| WORK TASK |
Line by line, set down all the data below exactly, omitting any picture.

| AVAILABLE DATA |
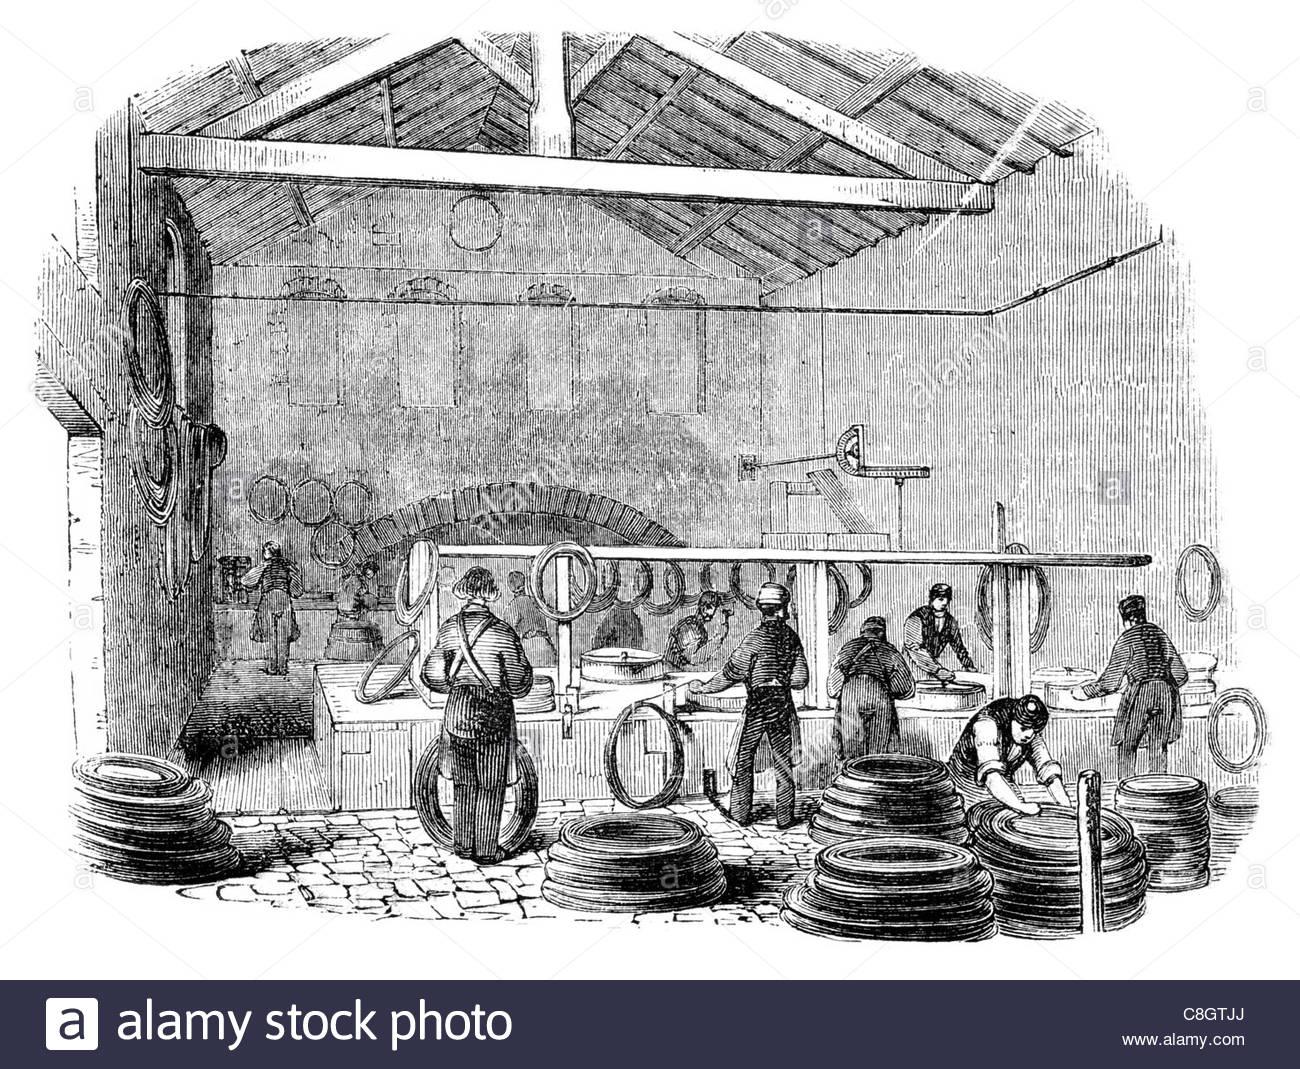 1300x1069 Wire Drawing Machines Industrial Revolution Machine Industry
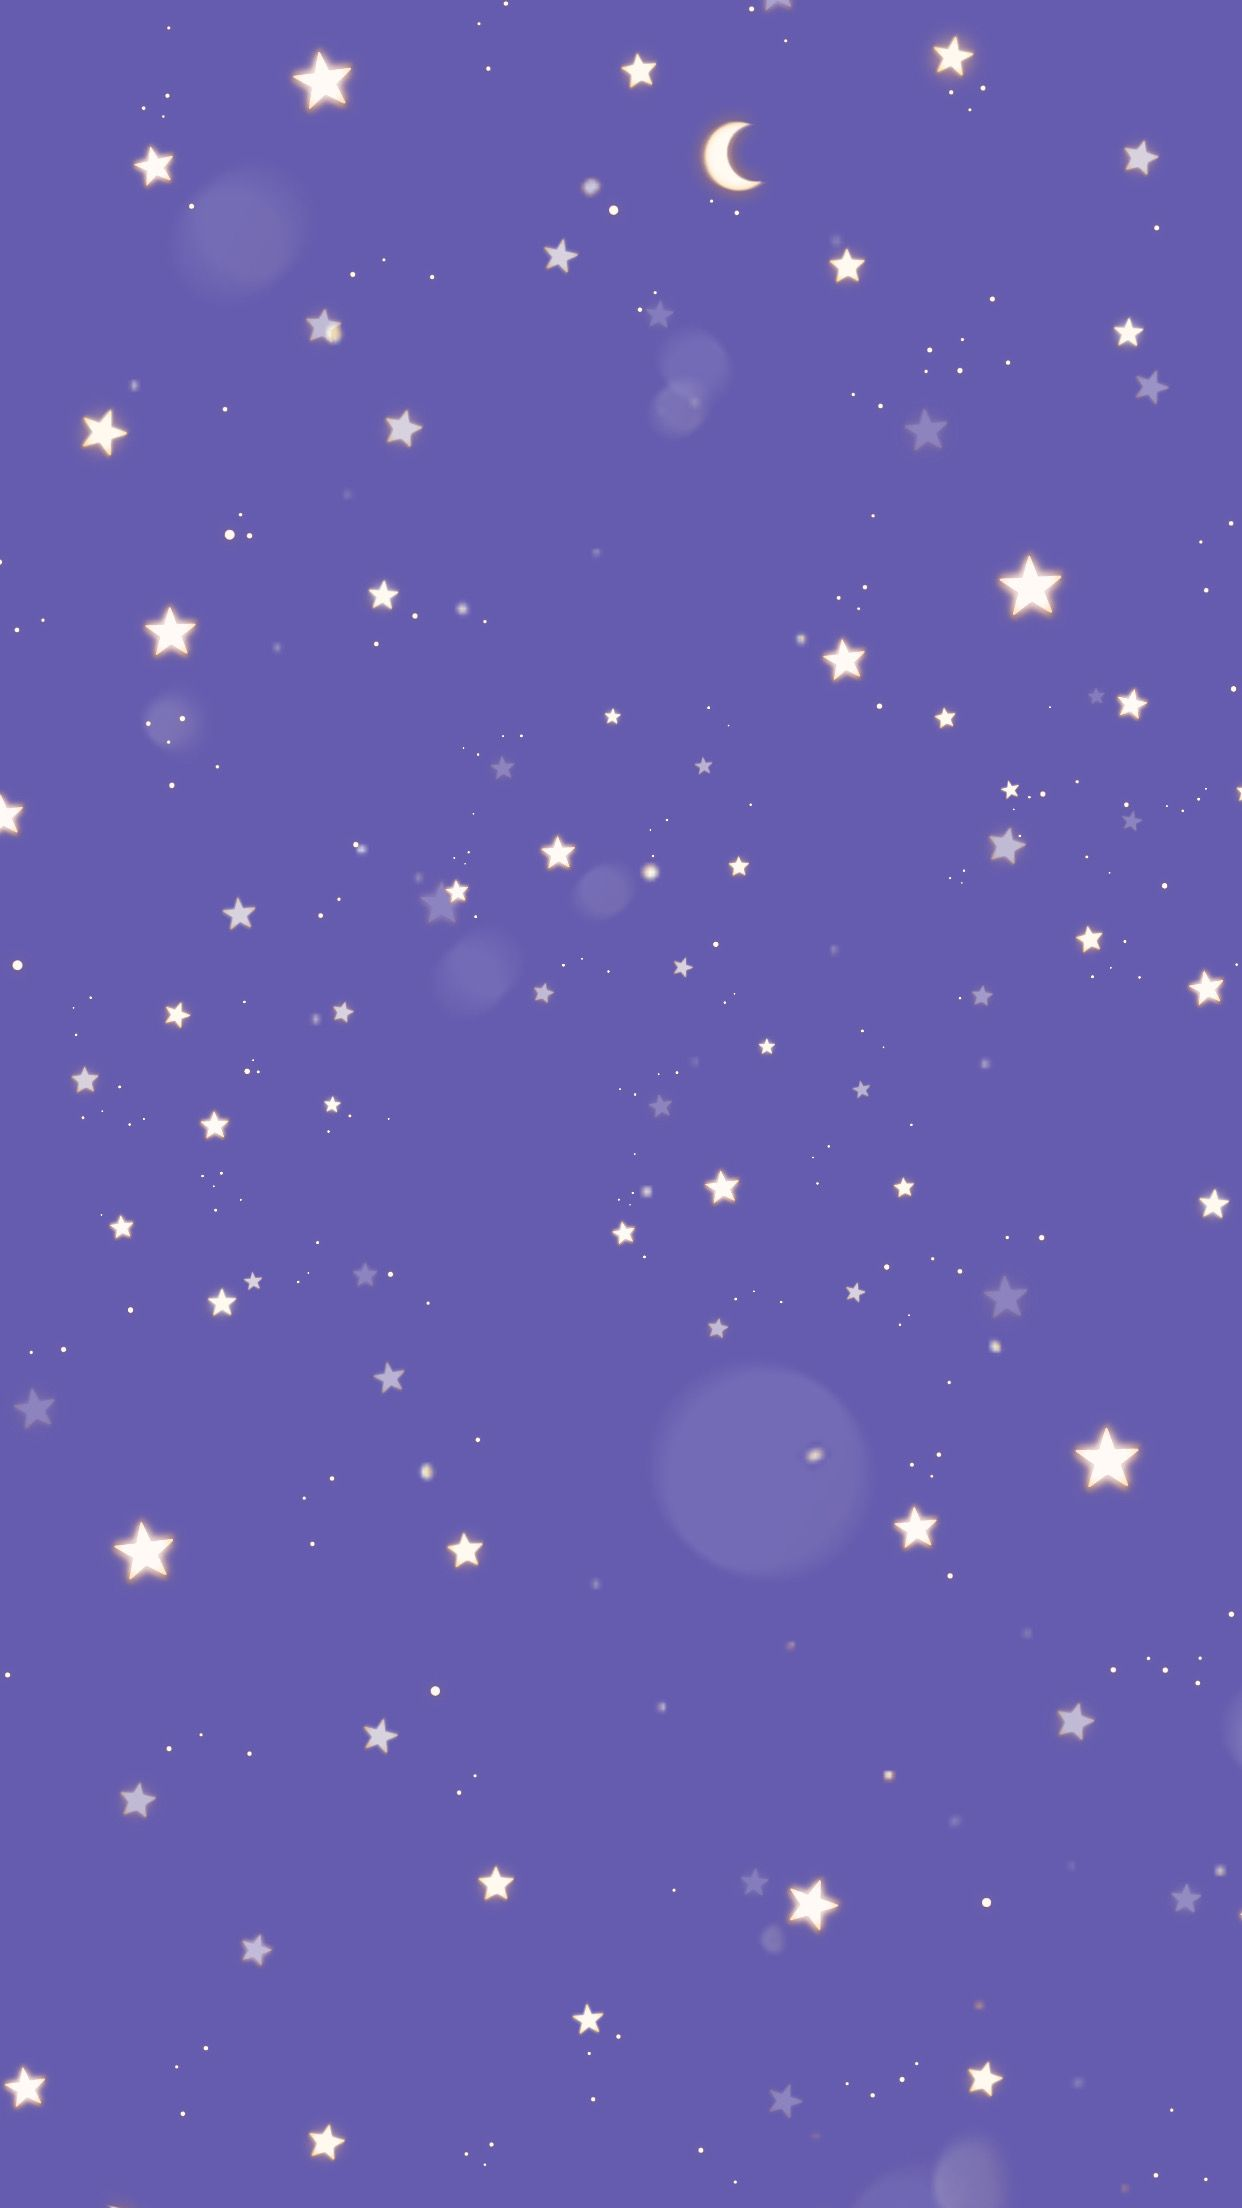 Cute Purple Stars Wallpaper Star Wallpaper Hamster Wallpaper Purple Wallpaper
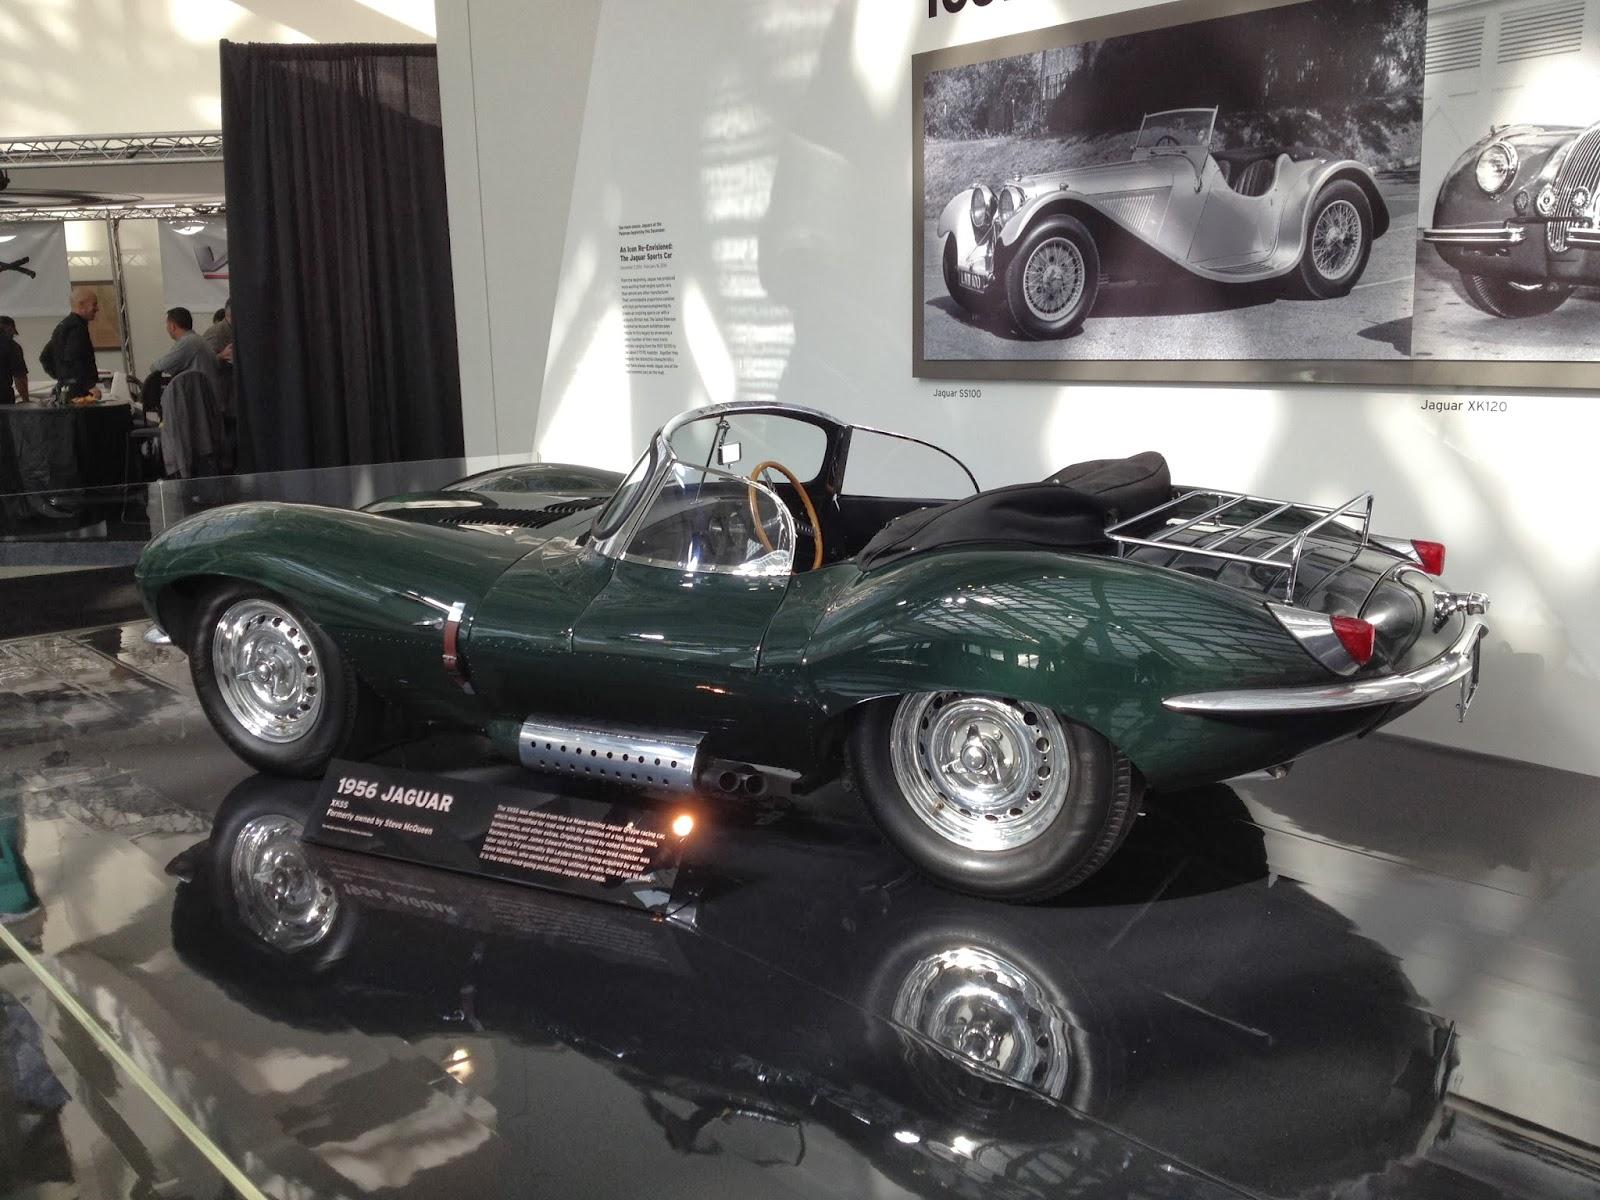 Carson's Car Pics: 1956 Jaguar XKSS

| SOLUTION TO THIS EXERCISE |
 1300x1069 Wire Drawing Machines Industrial Revolution Machine Industry
 Cute Purple Stars Wallpaper Star Wallpaper Hamster Wallpaper Purple Wallpaper
 Carson's Car Pics: 1956 Jaguar XKSS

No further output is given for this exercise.